As the new millennium approaches, The Sweeper gets all nostalgic and looks back each week at a different decade of the 20th century. Today, the match that changed the face of English football. On 5 November, 1953, the mighty Magyars, led by the legendary Ferenc Puskas, arrived at Wembley and became the first overseas opponents to beat England on their home turf. The Hungarians, who were the Olympic champions and on a run of 29 unbeaten matches, played a flexible 4-2-4 against a soon to be outdated 2-3-5 and ran out 6-3 winners. Things were never to be the same again for England, who were captained on that day by Billy Wright and were flattered by the score. Six of the home team, including Alf Ramsey (fifth in the line of England players above) never played for their country again Photograph: Hulton Getty

The Price Is Right

RYAN GIGGS, what are you doing, son? Not only playing for Wales, but scoring? And Billy Dodds? Thanks a lot, pal. The bare facts are grim - no winners so far, leaving The Price Is Right Academicals lying stone bottom of the Professional Punters' Premiership and facing relegation to the Mug Punter's league at the end of the season. But that hardly tells the whole story - we were just two goals from a three-figure pay-out on Saturday. The fact that the Academicals' chairman was spotted down the local betting shop, accosting drunken tramps and trying to get one of them to sign a contract, is no reason for The Sweeper to feel his unassailable position has become assailable. There are four cracking draw bets to be had this weekend so let's perm them in four trebles. One treble is enough to go into profit and if we get all four, it's game over in one bookie- bashing hit. Liverpool could be in for a morning draw with Manchester United; Arsenal, disappointing at Anfield, can be held to a draw by Aston Villa at Highbury; struggling Sheffield Wednesday may only draw with Everton; and, today at the Stadium Of Light, Sunderland may gain no more than a point entertaining tough Leicester.


Four pounds 4 trebles with Coral: Arsenal to draw with Aston Villa (12-5); Sheff Wed to draw with Everton (11-5); Sunderland to draw with Leicester (12-5); and Liverpool to draw with Man Utd (9-4).

OPENING BANK: pounds 100.

CURRENT KITTY: pounds 72.

BALANCE: -pounds 28.

TODAY'S BET: pounds 16 STAKED.

Fan Power

Your chance to reclaim the game

DESPITE A dire England performance against Poland in midweek and the fact that England fans were pelted with Polish flares, it is still the intention of the Football Supporters' Association to run a fans' embassy at next summer's European Championship.

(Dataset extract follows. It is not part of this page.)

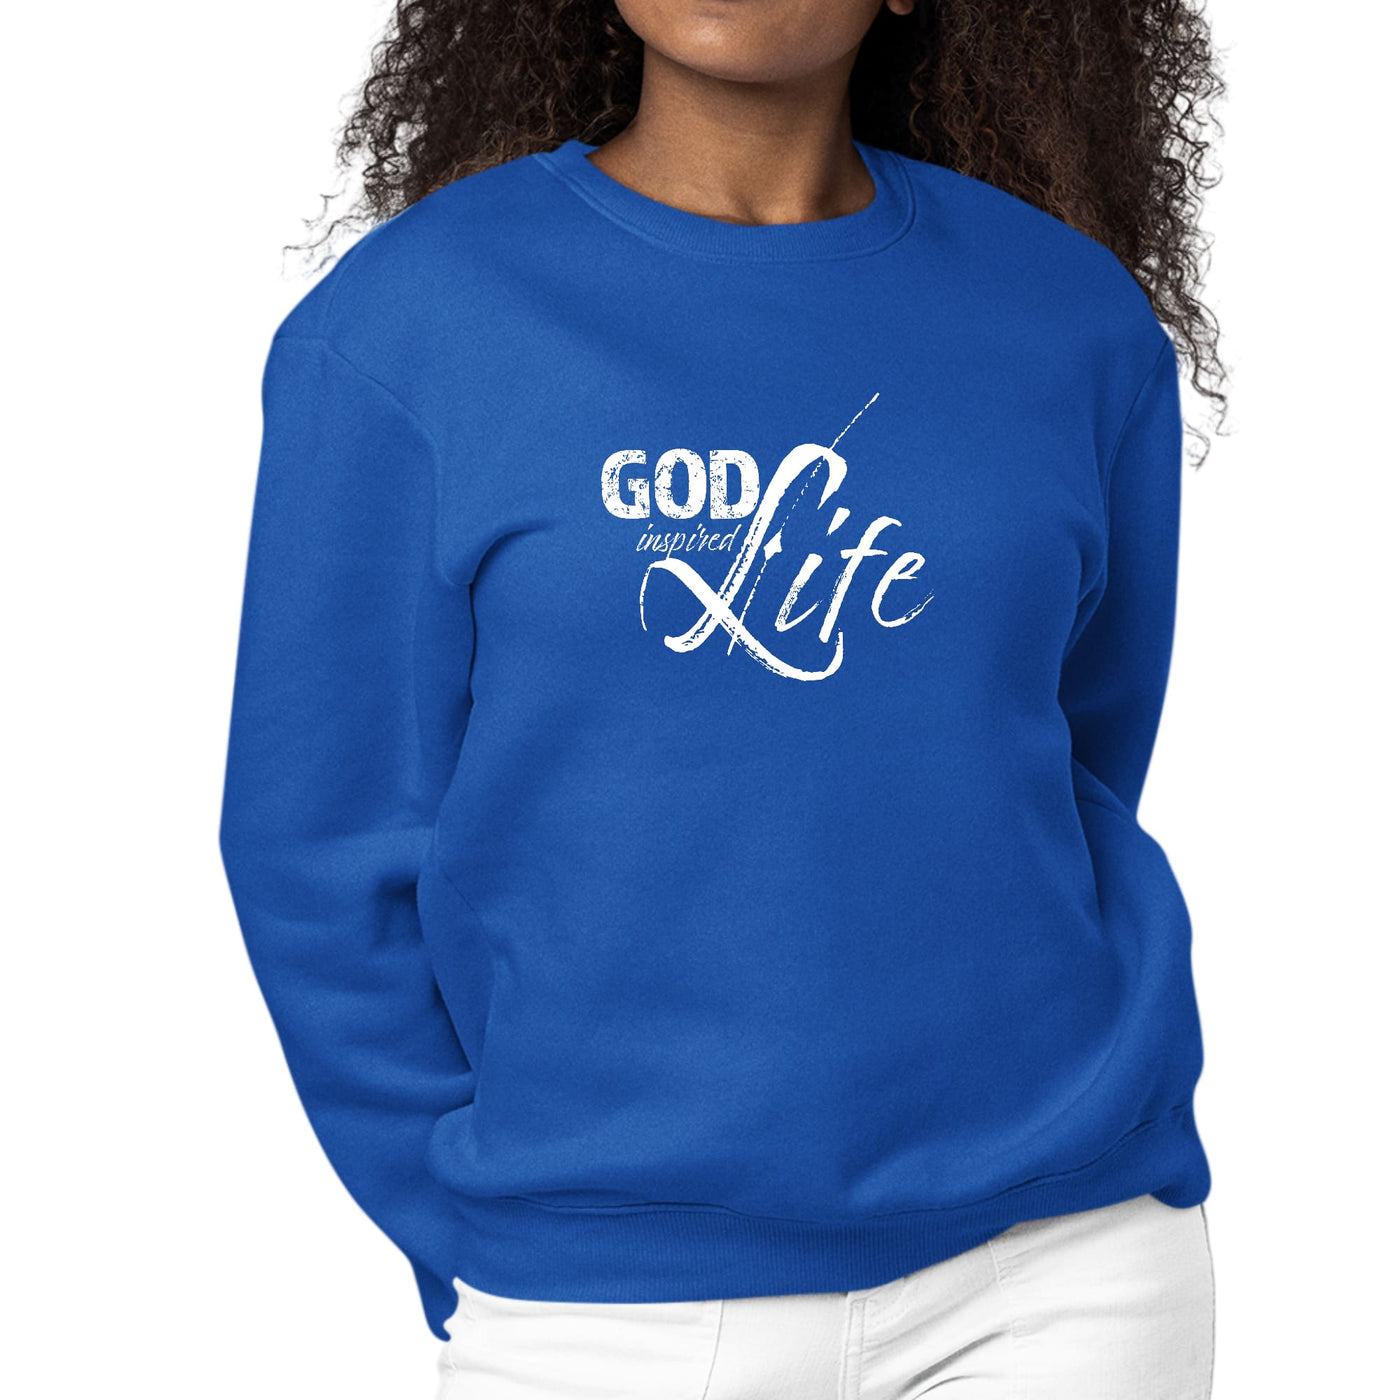 Womens Graphic Sweatshirt God Inspired Life - Womens | Sweatshirts
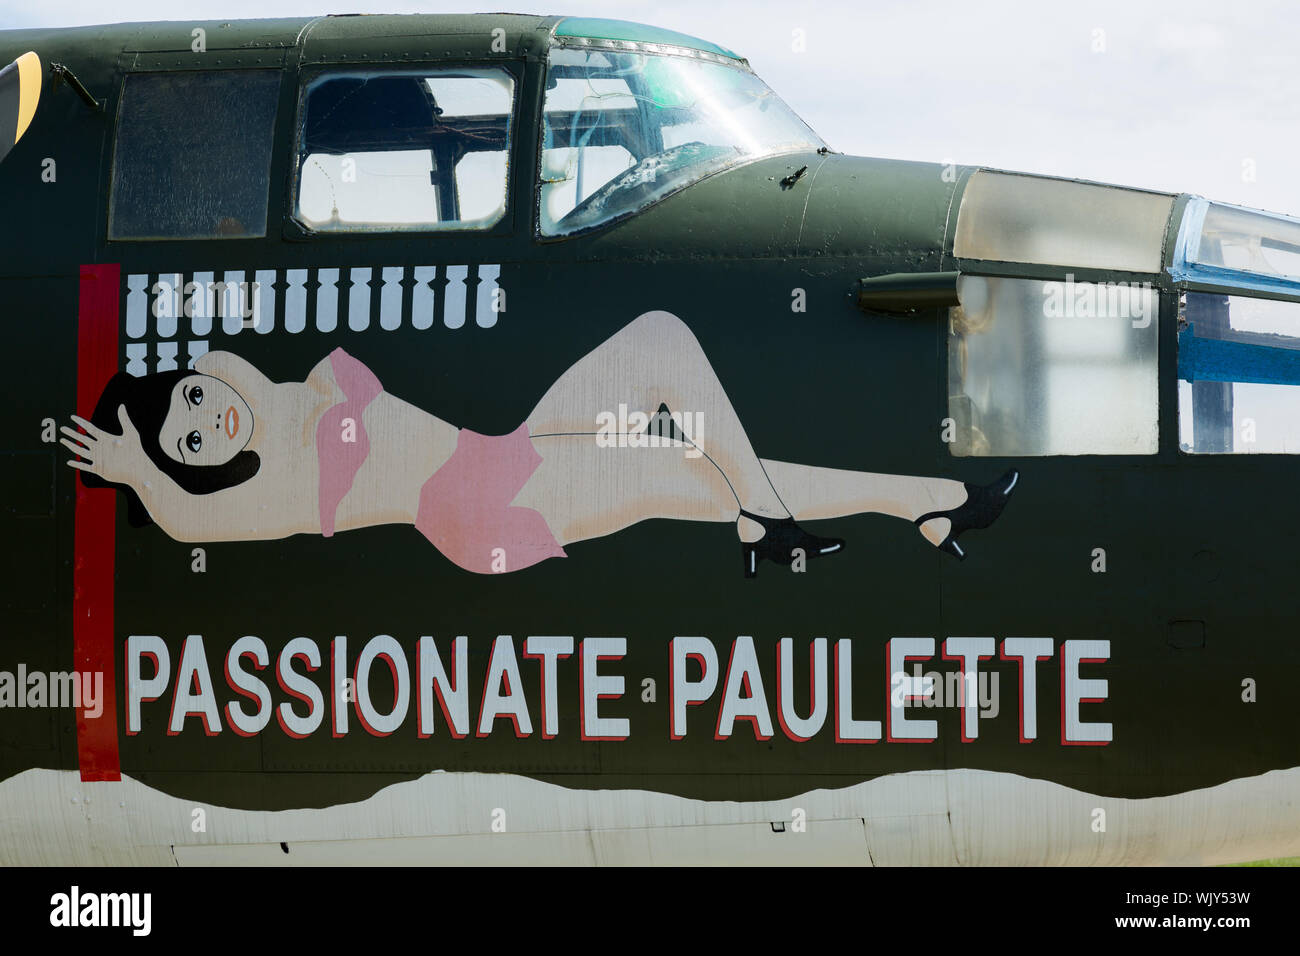 Il B-25 bombardiere da il film 'Catch-22", noto come appassionato Paulette, è in mostra statica al Grissom Air Museum di Bunker Hill, Indiana, Stati Uniti d'America. Foto Stock

After much negotiation, the government has agreed to give supporters pounds 15,000 towards running a service for fans next summer, with another pounds 5,000 if one of the home nations qualify. Things are looking good for Scotland, at least. Whatever happens, the FSA will be there to offer travelling football fans helpful advice on food, accommodation, where to get your black market tickets (almost anywhere, probably) and where to get a decent drink (in the Netherlands and Belgium, almost anywhere too).

FSA reps have recently been to Eindhoven to offer advice to the Dutch and Belgian authorities on what fans need, and to discuss the possibility of international embassies. Even if we haven't got the home nations to watch, there'll still be plenty of football on offer, and we believe lots of British fans will still be going.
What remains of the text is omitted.